Your answer should be the exact lines of the data below from the one containing "Dental International Bintaro Dddbcabeebfaeaa" through the one containing "에티오 프린트 포레스트"; please include nothing else.

- Opening Delimiter -

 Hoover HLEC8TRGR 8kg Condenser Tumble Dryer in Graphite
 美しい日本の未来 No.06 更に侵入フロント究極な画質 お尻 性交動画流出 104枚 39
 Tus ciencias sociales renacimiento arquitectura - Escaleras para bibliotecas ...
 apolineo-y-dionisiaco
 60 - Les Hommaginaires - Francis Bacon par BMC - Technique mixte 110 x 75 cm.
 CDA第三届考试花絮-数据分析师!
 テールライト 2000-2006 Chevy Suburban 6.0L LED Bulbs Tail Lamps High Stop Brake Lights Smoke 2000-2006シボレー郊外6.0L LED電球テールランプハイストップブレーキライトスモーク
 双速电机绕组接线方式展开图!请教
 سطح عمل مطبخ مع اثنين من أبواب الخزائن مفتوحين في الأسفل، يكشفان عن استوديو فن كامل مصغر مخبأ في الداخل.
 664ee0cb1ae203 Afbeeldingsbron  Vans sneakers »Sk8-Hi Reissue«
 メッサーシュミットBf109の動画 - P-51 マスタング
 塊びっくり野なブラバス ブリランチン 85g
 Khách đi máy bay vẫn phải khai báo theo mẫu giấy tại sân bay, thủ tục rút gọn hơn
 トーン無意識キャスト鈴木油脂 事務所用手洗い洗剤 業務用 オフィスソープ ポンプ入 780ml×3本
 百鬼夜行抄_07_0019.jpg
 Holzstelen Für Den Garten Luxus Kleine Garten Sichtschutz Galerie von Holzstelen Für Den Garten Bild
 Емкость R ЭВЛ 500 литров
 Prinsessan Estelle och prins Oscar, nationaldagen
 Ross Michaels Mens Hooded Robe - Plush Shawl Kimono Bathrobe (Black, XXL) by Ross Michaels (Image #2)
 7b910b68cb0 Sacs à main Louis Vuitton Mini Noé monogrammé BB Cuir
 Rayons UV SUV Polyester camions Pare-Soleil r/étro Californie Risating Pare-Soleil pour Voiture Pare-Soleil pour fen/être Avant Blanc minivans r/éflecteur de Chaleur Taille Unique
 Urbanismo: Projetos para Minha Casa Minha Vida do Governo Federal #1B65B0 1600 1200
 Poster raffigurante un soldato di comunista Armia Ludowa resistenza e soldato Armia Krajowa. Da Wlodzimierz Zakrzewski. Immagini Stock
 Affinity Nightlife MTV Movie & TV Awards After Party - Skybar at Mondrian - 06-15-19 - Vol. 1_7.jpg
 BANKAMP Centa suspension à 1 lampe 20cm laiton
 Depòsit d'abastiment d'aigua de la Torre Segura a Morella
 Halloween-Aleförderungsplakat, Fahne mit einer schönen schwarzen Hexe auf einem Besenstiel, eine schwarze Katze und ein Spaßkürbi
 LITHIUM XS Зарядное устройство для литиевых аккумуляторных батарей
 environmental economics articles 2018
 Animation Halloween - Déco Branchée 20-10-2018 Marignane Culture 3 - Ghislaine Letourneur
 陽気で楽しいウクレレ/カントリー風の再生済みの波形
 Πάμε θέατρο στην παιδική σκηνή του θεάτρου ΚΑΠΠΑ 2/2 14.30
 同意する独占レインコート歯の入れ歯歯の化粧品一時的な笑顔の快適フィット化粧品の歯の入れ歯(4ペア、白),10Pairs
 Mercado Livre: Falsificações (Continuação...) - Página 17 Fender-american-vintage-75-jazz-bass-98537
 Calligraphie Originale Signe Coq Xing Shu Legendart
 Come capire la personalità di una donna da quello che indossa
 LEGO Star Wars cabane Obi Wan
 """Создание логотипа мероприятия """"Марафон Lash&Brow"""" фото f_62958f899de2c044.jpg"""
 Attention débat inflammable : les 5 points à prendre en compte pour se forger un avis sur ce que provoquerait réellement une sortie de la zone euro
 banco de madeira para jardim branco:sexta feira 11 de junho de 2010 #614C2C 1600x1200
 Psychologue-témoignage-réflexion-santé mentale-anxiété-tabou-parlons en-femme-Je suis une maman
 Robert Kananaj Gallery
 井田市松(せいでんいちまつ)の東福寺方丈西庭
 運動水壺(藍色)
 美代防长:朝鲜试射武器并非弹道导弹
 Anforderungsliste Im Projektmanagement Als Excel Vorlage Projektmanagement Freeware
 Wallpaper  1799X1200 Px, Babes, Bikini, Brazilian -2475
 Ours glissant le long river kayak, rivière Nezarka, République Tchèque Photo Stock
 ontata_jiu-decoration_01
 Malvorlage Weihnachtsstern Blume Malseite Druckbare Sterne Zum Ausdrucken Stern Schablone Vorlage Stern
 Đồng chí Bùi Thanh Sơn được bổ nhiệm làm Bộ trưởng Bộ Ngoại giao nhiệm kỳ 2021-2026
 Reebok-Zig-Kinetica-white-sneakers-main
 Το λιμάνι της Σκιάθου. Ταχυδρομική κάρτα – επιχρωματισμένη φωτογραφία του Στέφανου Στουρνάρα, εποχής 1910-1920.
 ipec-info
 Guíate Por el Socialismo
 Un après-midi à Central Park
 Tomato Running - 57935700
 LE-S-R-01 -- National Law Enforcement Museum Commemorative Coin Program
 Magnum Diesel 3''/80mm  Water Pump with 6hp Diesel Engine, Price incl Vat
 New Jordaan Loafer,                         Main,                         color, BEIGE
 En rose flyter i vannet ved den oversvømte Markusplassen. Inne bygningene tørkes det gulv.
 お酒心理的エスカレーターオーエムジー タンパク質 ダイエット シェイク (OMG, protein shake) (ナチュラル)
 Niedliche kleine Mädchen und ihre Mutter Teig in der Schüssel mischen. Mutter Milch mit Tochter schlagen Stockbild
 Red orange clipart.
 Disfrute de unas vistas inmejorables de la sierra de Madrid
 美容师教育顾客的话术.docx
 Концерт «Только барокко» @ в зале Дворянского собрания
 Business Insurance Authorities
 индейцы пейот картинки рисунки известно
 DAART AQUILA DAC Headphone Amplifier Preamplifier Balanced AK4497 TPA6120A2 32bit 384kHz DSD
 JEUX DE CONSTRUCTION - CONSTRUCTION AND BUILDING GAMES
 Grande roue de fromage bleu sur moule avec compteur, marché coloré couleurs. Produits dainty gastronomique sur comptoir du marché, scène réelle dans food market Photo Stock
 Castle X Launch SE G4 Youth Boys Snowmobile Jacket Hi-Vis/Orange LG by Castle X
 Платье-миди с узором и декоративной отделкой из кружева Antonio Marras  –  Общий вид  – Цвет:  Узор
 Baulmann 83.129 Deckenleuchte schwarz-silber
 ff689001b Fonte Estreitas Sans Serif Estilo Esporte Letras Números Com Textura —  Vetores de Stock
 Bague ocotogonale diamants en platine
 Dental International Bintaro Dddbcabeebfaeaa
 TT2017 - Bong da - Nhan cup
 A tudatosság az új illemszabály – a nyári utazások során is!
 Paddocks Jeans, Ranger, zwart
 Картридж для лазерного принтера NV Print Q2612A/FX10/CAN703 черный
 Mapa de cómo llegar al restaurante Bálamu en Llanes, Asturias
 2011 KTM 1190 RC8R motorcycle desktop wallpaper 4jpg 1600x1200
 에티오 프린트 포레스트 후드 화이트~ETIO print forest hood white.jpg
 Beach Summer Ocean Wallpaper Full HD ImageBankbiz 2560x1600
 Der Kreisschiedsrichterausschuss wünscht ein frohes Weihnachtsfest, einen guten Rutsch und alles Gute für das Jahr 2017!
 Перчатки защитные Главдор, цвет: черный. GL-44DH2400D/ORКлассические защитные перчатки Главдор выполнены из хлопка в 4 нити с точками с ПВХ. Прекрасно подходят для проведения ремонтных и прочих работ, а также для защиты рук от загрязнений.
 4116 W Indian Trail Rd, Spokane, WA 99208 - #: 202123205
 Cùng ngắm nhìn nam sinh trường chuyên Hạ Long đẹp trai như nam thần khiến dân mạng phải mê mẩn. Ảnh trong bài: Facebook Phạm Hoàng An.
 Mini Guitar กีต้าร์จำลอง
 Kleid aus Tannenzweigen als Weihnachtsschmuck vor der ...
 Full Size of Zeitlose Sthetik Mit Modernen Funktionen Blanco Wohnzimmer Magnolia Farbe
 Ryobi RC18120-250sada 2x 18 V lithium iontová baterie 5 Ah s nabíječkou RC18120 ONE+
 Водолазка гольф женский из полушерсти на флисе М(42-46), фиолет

- Closing Delimiter -

> [The answer]
 Dental International Bintaro Dddbcabeebfaeaa
 TT2017 - Bong da - Nhan cup
 A tudatosság az új illemszabály – a nyári utazások során is!
 Paddocks Jeans, Ranger, zwart
 Картридж для лазерного принтера NV Print Q2612A/FX10/CAN703 черный
 Mapa de cómo llegar al restaurante Bálamu en Llanes, Asturias
 2011 KTM 1190 RC8R motorcycle desktop wallpaper 4jpg 1600x1200
 에티오 프린트 포레스트 후드 화이트~ETIO print forest hood white.jpg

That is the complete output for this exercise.